And Brexit means the UK could end up offering even more fossil fuel subsidies than its neighbours.

The commission on Wednesday released its 1000-page vision for the region’s energy system, known as the energy package.

Among the many new clauses and directives was the revelation that governments could continue to subsidise coal power for a further eight years through capacity mechanism schemes.

It wasn’t all bad news. Some of the suggested reforms should make it harder for countries to prop up the fossil fuel market.

But they may not kick in before the UK leaves the EU.

Keeping Fossil Fuels Alive

Among the thousands of pages of text were a few important paragraphs about fossil fuel subsidy schemes known as capacity mechanisms.

The schemes allow governments to spend millions keeping fossil fuel power plants online in the name of energy security. While they may help to keep the lights on, they’re a real problem if countries are also trying to cut emissions.

As countries get increasing amounts of power from renewables, fossil fuel power plants becom less profitable. But as the wind doesn’t blow and the sun doesn’t shine all the time, some of these are still needed. So governments offer to pay them a certain amount to keep them online.

The problem is, they don’t prioritise less polluting power plants. That means dirty industries such as coal can end up with huge subsidies.

And that’s precisely what has happened in the UK, which already has a scheme called the capacity market.

Old coal power stations are set to make about £273 million and diesel operators are in line for an £800 million windfall from the UK’s scheme, according to thinktank Sandbag.

The UK remains committed to phasing out coal from its energy mix by 2025. But the capacity market may prolong the lifetimes of some power plants compared to if the market was left alone. And it could ultimately allow dirty power sources such as diesel and inefficient gas to fill the gap coal ultimately leaves.

Subsidy Scheme Reform

Unsurprisingly, fossil fuel companies are big fans of capacity mechanisms.

EurElectric, a lobby group that represents national energy associations including Energy UK, has been pushing the commission to allow the mechanisms without any environmental controls.

Green campaigners hoped the commission would crack down on these schemes in this week’s package. But it has instead only outlined a few changes that could make the schemes slightly more effective.

For instance, the commission proposed that old coal power plants can only be supported for five years once the capacity mechanism schemes come in.

But as all the new provisions won’t formally come into force for another two to three years, that’s a further eight years that coal can continue to claim subsidies.

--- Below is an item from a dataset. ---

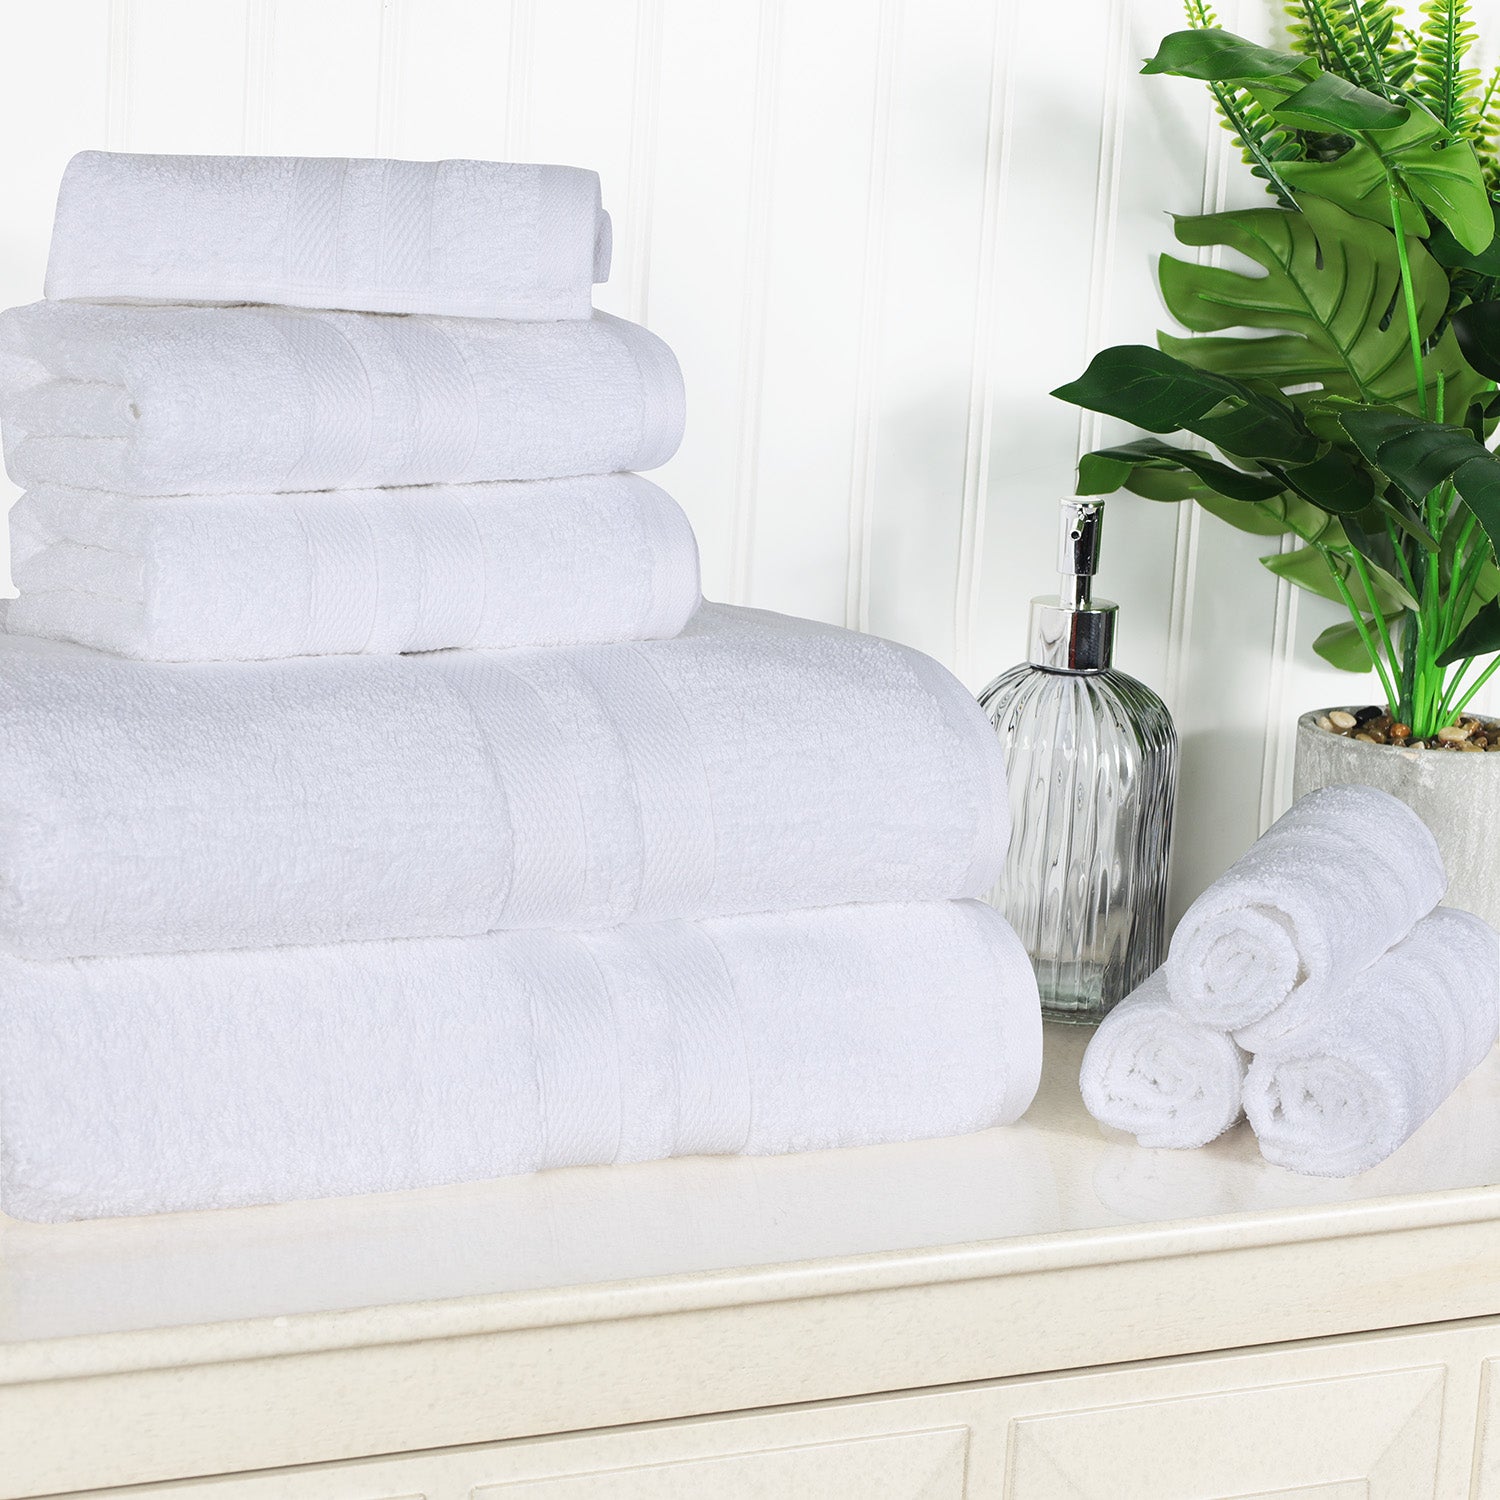 Superior Ultra Soft Cotton Absorbent Solid Assorted 8-Piece Towel Set - White

The commission also said that deciding how much backup power is needed would now be done on a region-wide rather than country-by-country basis. That should stop individual countries being overly cautious and keeping much more dirty power online than necessary, as they currently do.

But there is a potential hitch. The commission has proposed a process whereby any country that wants a new capacity mechanism must go through a review run by a European body known as ENTSO-E.

ENTSO-E is composed of country-level grid operators including companies such as National Grid.

National Grid recently reported operating profits of £1.2 billion in the UK, and was forced to defend accusations of profiting from overly generous regulations.

Such companies have a vested interest in retaining as much spare capacity as possible to be doubly sure the lights never go off, and keep their big government contracts safe. So capacity mechanisms are an attractive prospect.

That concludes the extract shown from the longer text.